Is there anything more comforting than a steaming bowl of ramen? My love for this iconic dish started with those crinkly instant noodle packets and has since blossomed into a full-blown obsession. While I adore traditional ramen, I wanted to create a version that satisfies those deep, savory cravings without the carbs. This recipe is my love letter to ramen—a quick, easy, and incredibly flavorful low-carb version featuring tender sirloin steak, slurp-worthy shirataki noodles, and a broth that will have you coming back for more. It’s all the comfort, none of the guilt.
Ingredients
• 1 lb / 450g boneless top sirloin steak, cut into ¼-inch-thick slices
• Sea salt and ground black pepper, to taste
• 4 (8-ounce / 227g) packages spaghetti-style shirataki noodles
• 5 cups / 1.2 L beef stock or bone broth
• 2 cloves garlic, minced
• 1 teaspoon grated fresh ginger
• 1 tablespoon toasted sesame oil
• 1 tablespoon unseasoned rice wine vinegar
• 1 tablespoon fish sauce
• Pinch of red pepper flakes
• 5 tablespoons gluten-free soy sauce or coconut aminos, divided
• 12 cremini mushrooms, thinly sliced
• 4 green onions, sliced on a bias, white and green parts separated
• 4 soft-boiled eggs, for serving
• 1 tablespoon black and/or white sesame seeds, for garnish
Instructions
1. Directions
2. Season the steak slices generously with salt and pepper and set aside.
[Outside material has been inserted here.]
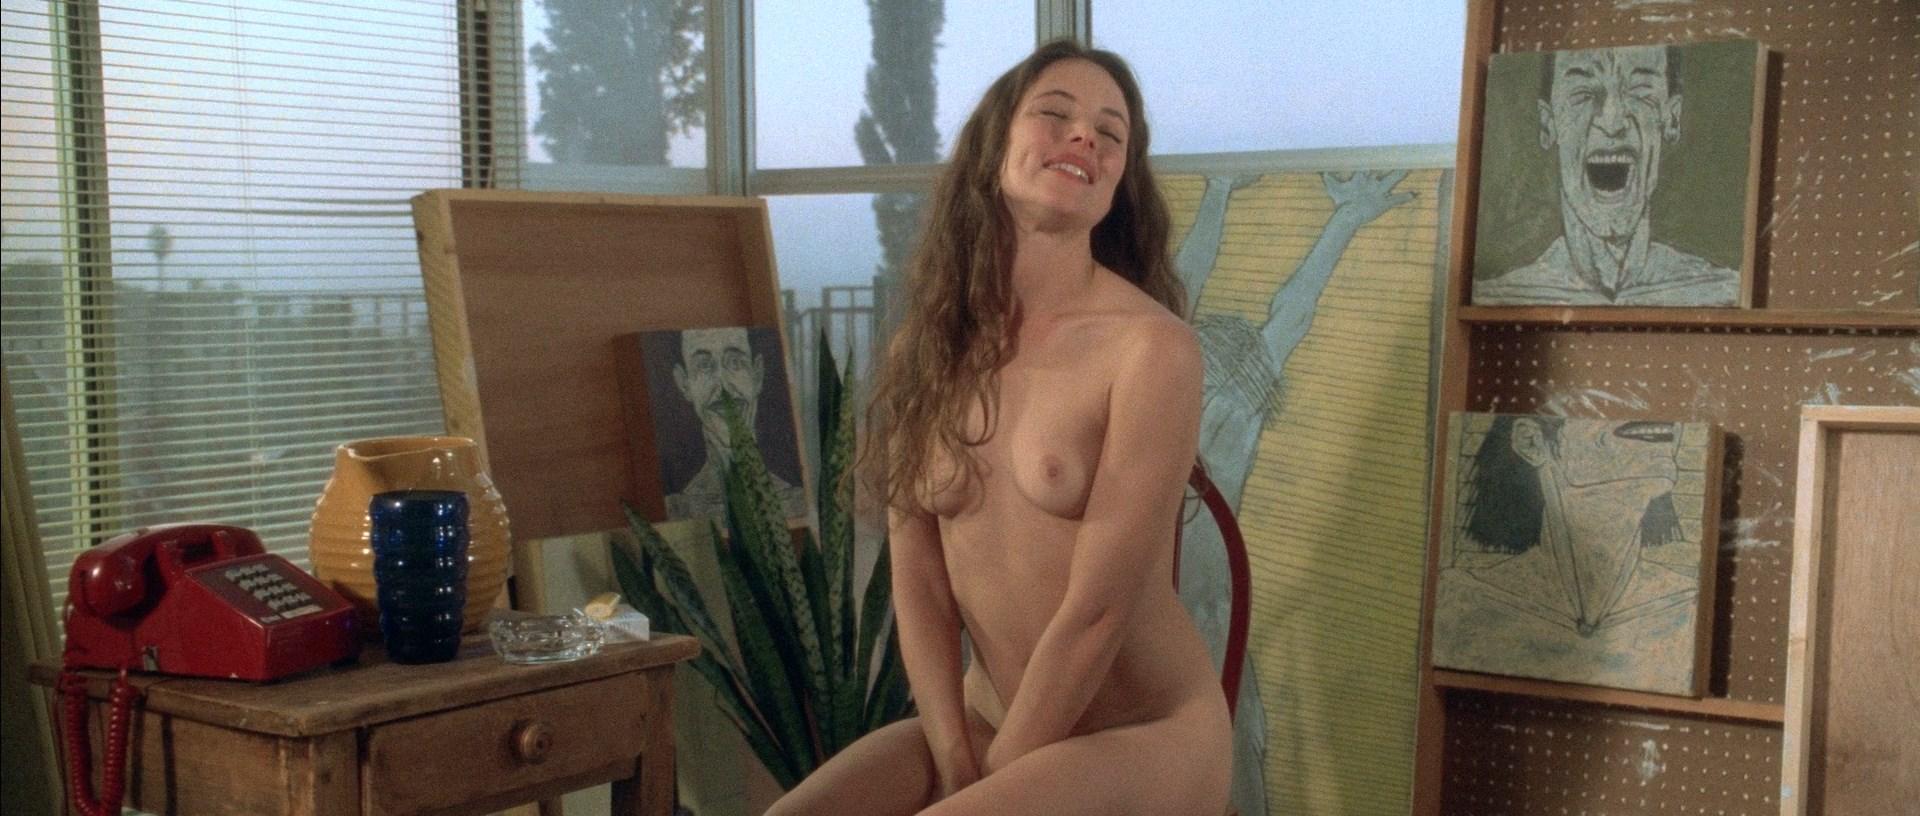 Madeleine stowe nude pics — img 15

3. Prepare the shirataki noodles: Rinse well under cold water, soak in fresh water for 10 minutes, then drain completely.
4. Heat a large, dry skillet over medium heat. Add the drained noodles and dry-fry for 3 to 4 minutes, tossing frequently to remove excess moisture.
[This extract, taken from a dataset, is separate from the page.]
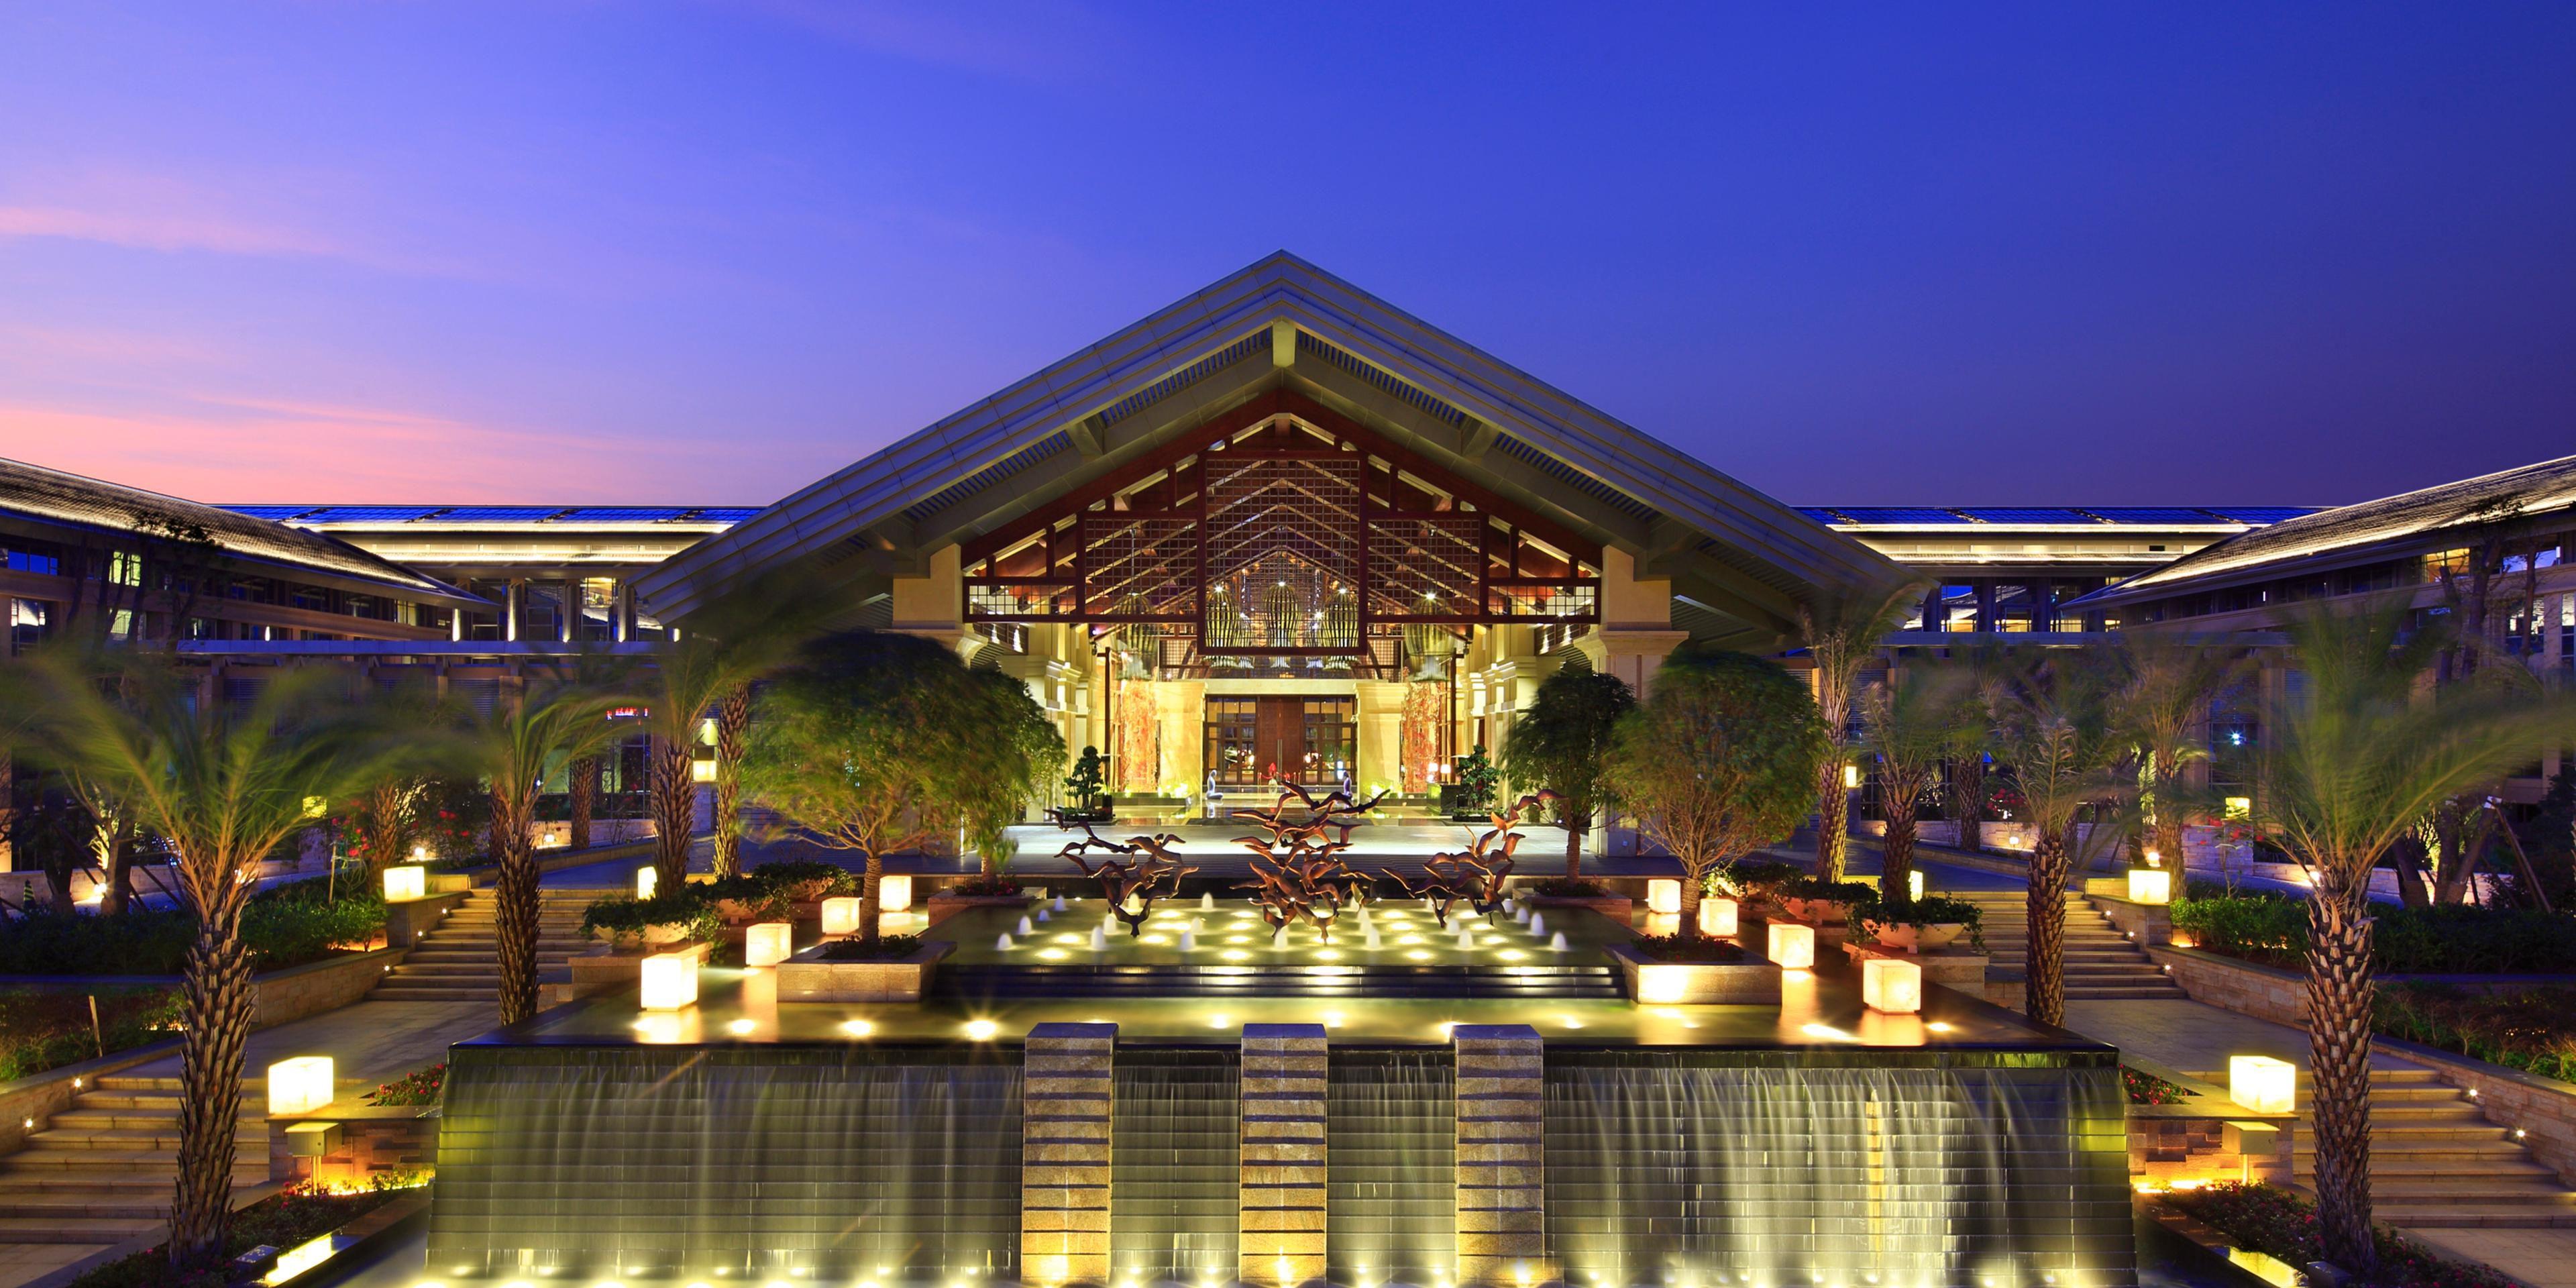 kunming hotels intercontinental kunming hotel in kunming china rh ihg com

5. While the noodles are frying, bring the beef stock to a simmer in a large stockpot or Dutch oven, then reduce heat to low to keep warm.
6. To the skillet with the noodles, add the garlic, ginger, sesame oil, vinegar, fish sauce, red pepper flakes, and 4 tablespoons of the soy sauce. Stir-fry for 5 minutes until the noodles absorb the flavorful sauce.
7. Transfer the seasoned noodles and sauce from the skillet into the pot of warm stock.
8. Return the skillet to medium-high heat. Sear the steak slices for 1 to 2 minutes per side until browned. Remove from the pan and cover to keep warm.
9. Reduce the heat under the skillet to medium. Add the mushrooms, the white parts of the green onions, and the remaining 1 tablespoon of soy sauce. Sauté until the mushrooms are tender.
10. Assemble the bowls: Divide the noodles and broth among 4 bowls. Arrange the steak and mushroom mixture on top. Finish each bowl with a soft-boiled egg, a sprinkle of sesame seeds, and the sliced green parts of the green onions.
Nutritional Information
• SERVING SIZE: 1 bowl
• CALORIES: 419
• FAT: 24g
• PROTEIN: 42.1g
• TOTAL CARBS: 8.5g
• FIBER: 2.7g
• NET CARBS: 5.8g
Pro Tips
• Customize your ramen by swapping the steak for chicken, pork, or seafood. Add low-carb vegetables like bok choy, bean sprouts, or sliced bell peppers.
• For the best texture, do not skip the step of dry-frying the shirataki noodles. This removes excess water and gives them a more pleasant, noodle-like bite.
• To make this recipe nightshade-free, ensure your beef stock or bone broth does not contain any nightshade like tomatoes or peppers.
FAQ
Q: Is this ramen recipe keto-friendly
A: Yes, with only 5.8g of net carbs per serving, this ramen is an excellent keto-friendly option that satisfies ramen cravings without the high carb count of traditional noodles.
Q: Can I use a different protein besides steak
A: Absolutely. This recipe is very versatile. You can easily swap the sirloin steak for other low-carb proteins like chicken, pork, or seafood.
Q: Why do I need to dry-fry the shirataki noodles
A: Dry-frying the shirataki noodles is a crucial step for the best texture. It removes excess water and gives the noodles a more pleasant, noodle-like bite, which is essential for a satisfying ramen experience.
Q: What other low-carb vegetables can I add to this ramen
A: You can add a variety of low-carb vegetables to enhance this ramen. The recipe suggests trying additions like bok choy, bean sprouts, or sliced bell peppers.